Former Head of State, Gen. Yakubu Gowon (retd.), said the officer he personally appointed to protect his life, Lt. Col. Joseph Garba, Commander of the Federal Guards Unit, was among those who orchestrated his overthrow in the July 1975 coup.
He said Garba had sworn to him, days before the putsch, that he had no knowledge of any plot against his government.
The account is contained in Gowon’s 859-page autobiography, _My Life of Duty and Allegiance_, which our correspondent obtained at the book’s launch in Abuja on Tuesday. It details the former Head of State’s personal account of the 1975 coup.
Gowon described the event as the deepest personal betrayal of his public life, because it was executed by men he had elevated on the basis of trust—and, in Garba’s case, family ties.
The book was launched at a ceremony attended by President Bola Tinubu, represented by Vice President Kashim Shettima; former President Goodluck Jonathan; senior government officials; military veterans; and other public figures.
Gowon narrated how his Chief Security Officer and head of the Special Branch, M.D. Yusuf, had warned him that some officers were planning a coup ahead of the OAU summit in Kampala, Uganda. Yusuf identified two key figures: Garba, then Commander of the Federal Guards Unit, and Anthony Ochefu, then Provost Marshal of the Nigerian Military Police.

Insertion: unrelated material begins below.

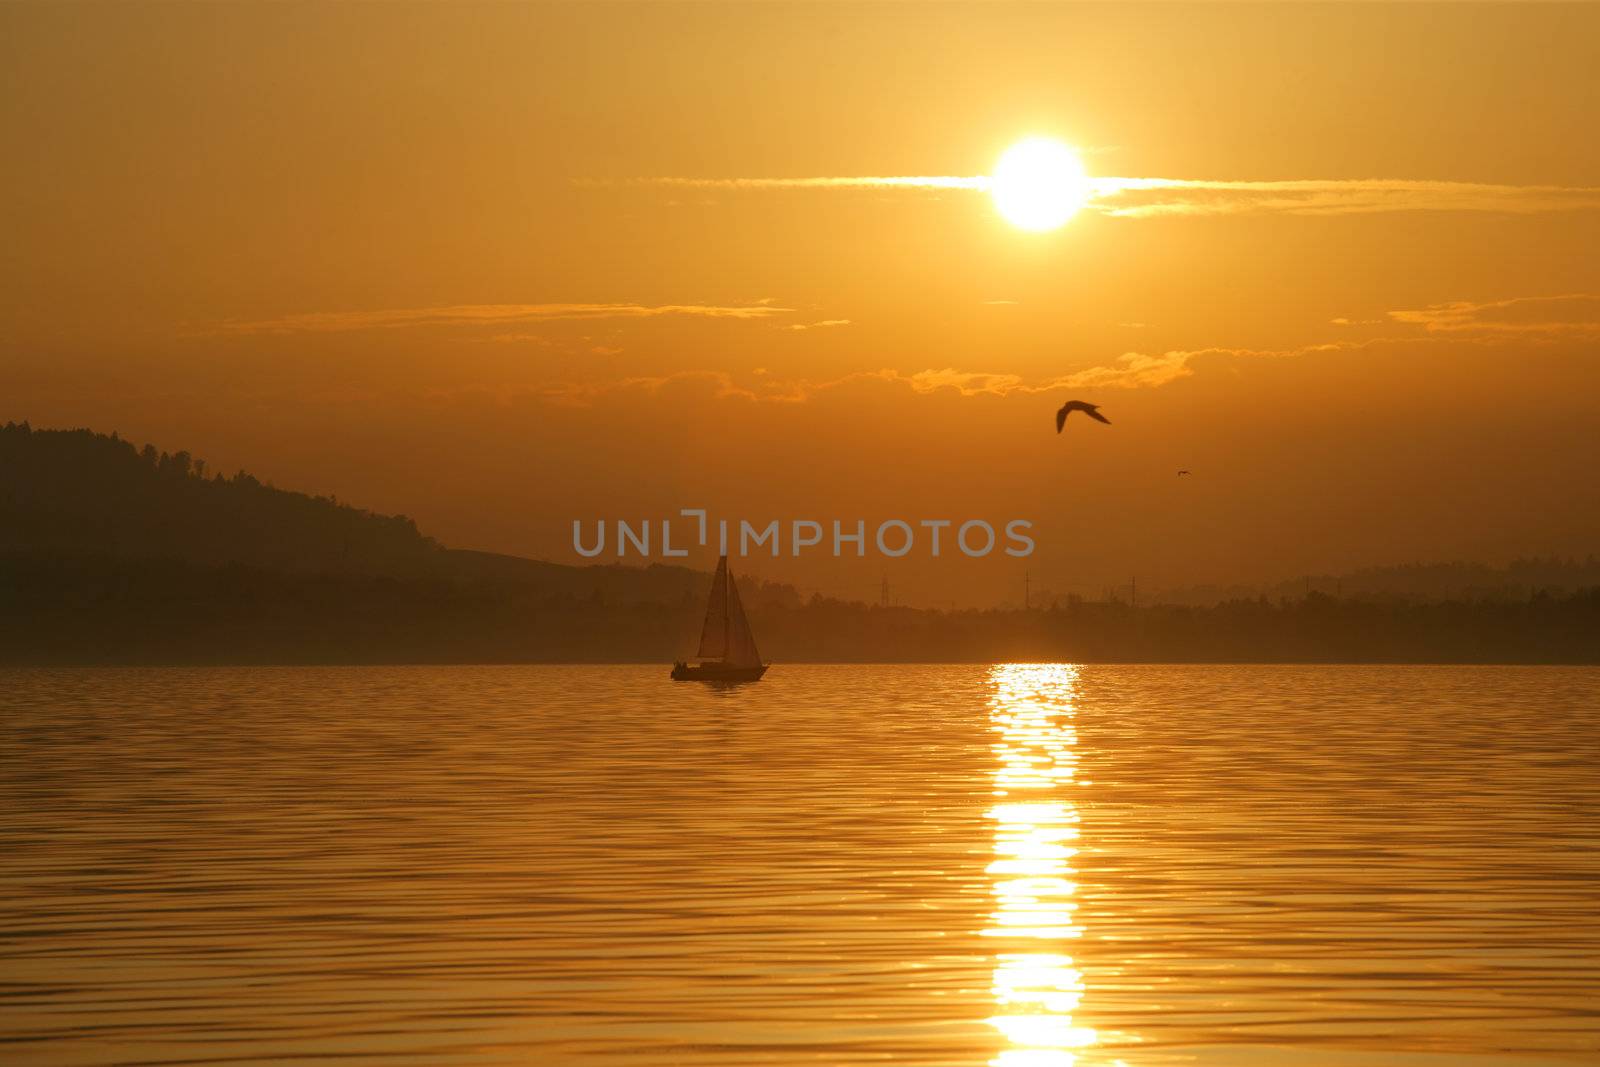 Sailing into a beautiful sunset on Lake Zug in Switzerland.
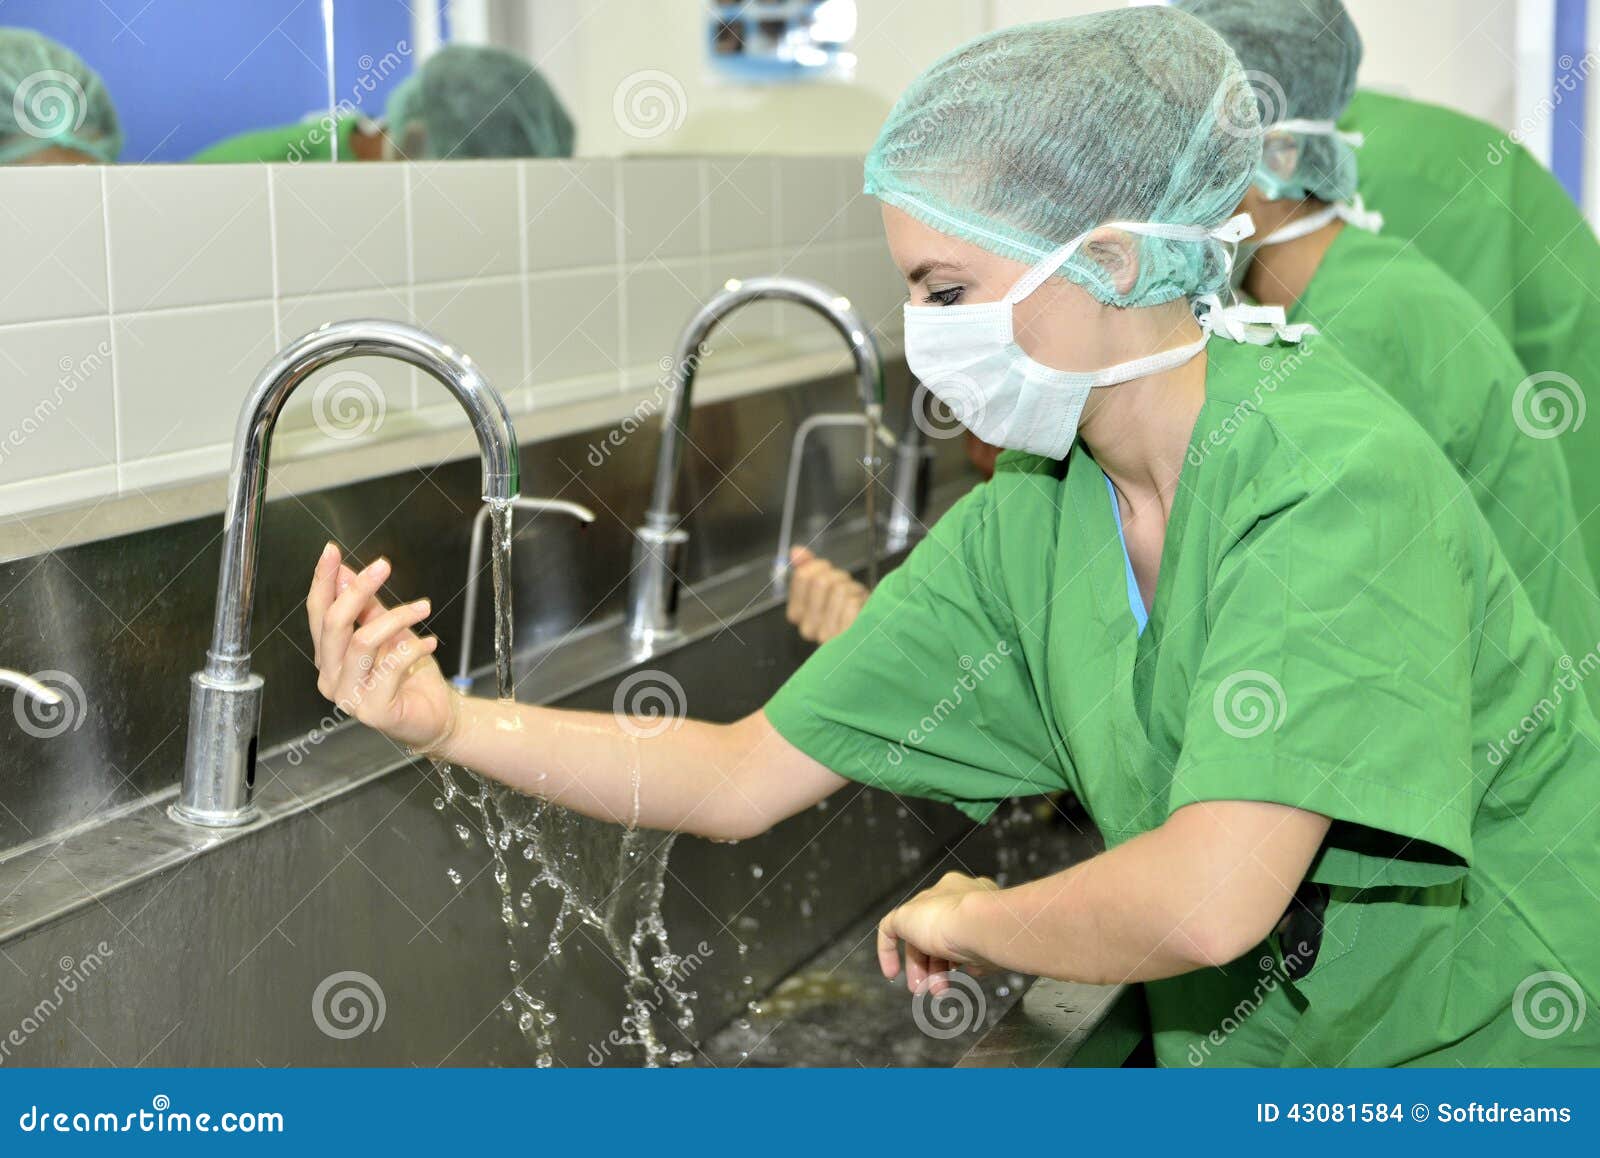 Очистительные операции перед операцией. Гигиена в медицине. Мытье рук в хирургии. Мытье рук в операционной.

The former Head of State noted that the warning placed him in an acute dilemma.
He had appointed Garba to the most sensitive position in his security architecture—the elite unit whose sole mandate was the physical protection of the Head of State.
He also noted that Garba’s appointment as head of the Brigade of Guards was partly influenced by family ties and the confidence he had in him.
“As Commander of the Federal Guards, the elite unit entrusted with the responsibility of protecting the person of the Head of State, Garba was supposed to have unquestionable loyalty.
“Not only did I intimately know both men, but I had also grown to like and trust them over the years.
“Coincidentally, both were Christians and from my original home state, Benue Plateau,” he recounted.
Rather than act on Yusuf’s intelligence immediately, Gowon chose to confront Garba directly—a decision that, in retrospect, he said gave the conspirators the time they needed.
Gowon recalled: “In quick succession, he vehemently denied awareness of any plan to topple me and swore by heaven and earth that no such group existed and that he was not a member of any.
“But I made him realize that if, at the end of the day, there was any truth in the rumour of his involvement in any plan against me, he would be answerable to God and his conscience.”
According to him, his suspicions grew because of the behavior of Ochefu, the second officer Yusuf had named.
He said Ochefu’s refusal to return to Lagos heightened his suspicion that the coup plot might indeed be real, though he decided to revisit the issue after returning from Kampala, unaware that he would never return as Head of State.
“His uncharacteristic yet deliberate act of gross disloyalty made me sense the plot might be true.
“I made a note to revisit the issue on my return from Kampala,” Gowon wrote.
Despite the warning, he proceeded to the 12th Summit of the Organisation of African Unity in Kampala, as he had already committed to attend.
Travelling aboard a Nigerian Airways Boeing 737 on July 27, 1975, Gowon said he remained uneasy throughout the journey.
As a precaution, he instructed his Aide-de-Camp, Mr. Walbe, to return to Lagos to monitor developments and report back.
However, Walbe, he said, could not make it back on time because the co-pilot had reportedly fallen sick.
Gowon said he was seated at the conference on July 29, 1975, when the then Ugandan leader, Idi Amin, approached him with a Reuters dispatch announcing that his government had been toppled.
He said the dispatch was how he learned that he was no longer in power.
According to him, “I did not recognize the garbled name on the Reuters dispatch. Early media reports mentioned a certain ‘Colonel Darwa’ as the officer who made the dawn broadcast of the coup.
“‘Darwa’ certainly sounded and read like a mispronounced or misspelt ‘Garba’. Still, I was not inclined to believe that he, of all people, would betray me.”
Gowon said he suspected that Garba may have been either coerced or deceived into joining the coup plot.
“My concern for Garba was based on fears that the planners of the coup may have co-opted him into their scheme against his better judgment.
“I felt they might have convinced or threatened him into believing he had gained nothing from his long association with me and, as such, was better off being in their camp—failing which he could be shot if need be,” he explained.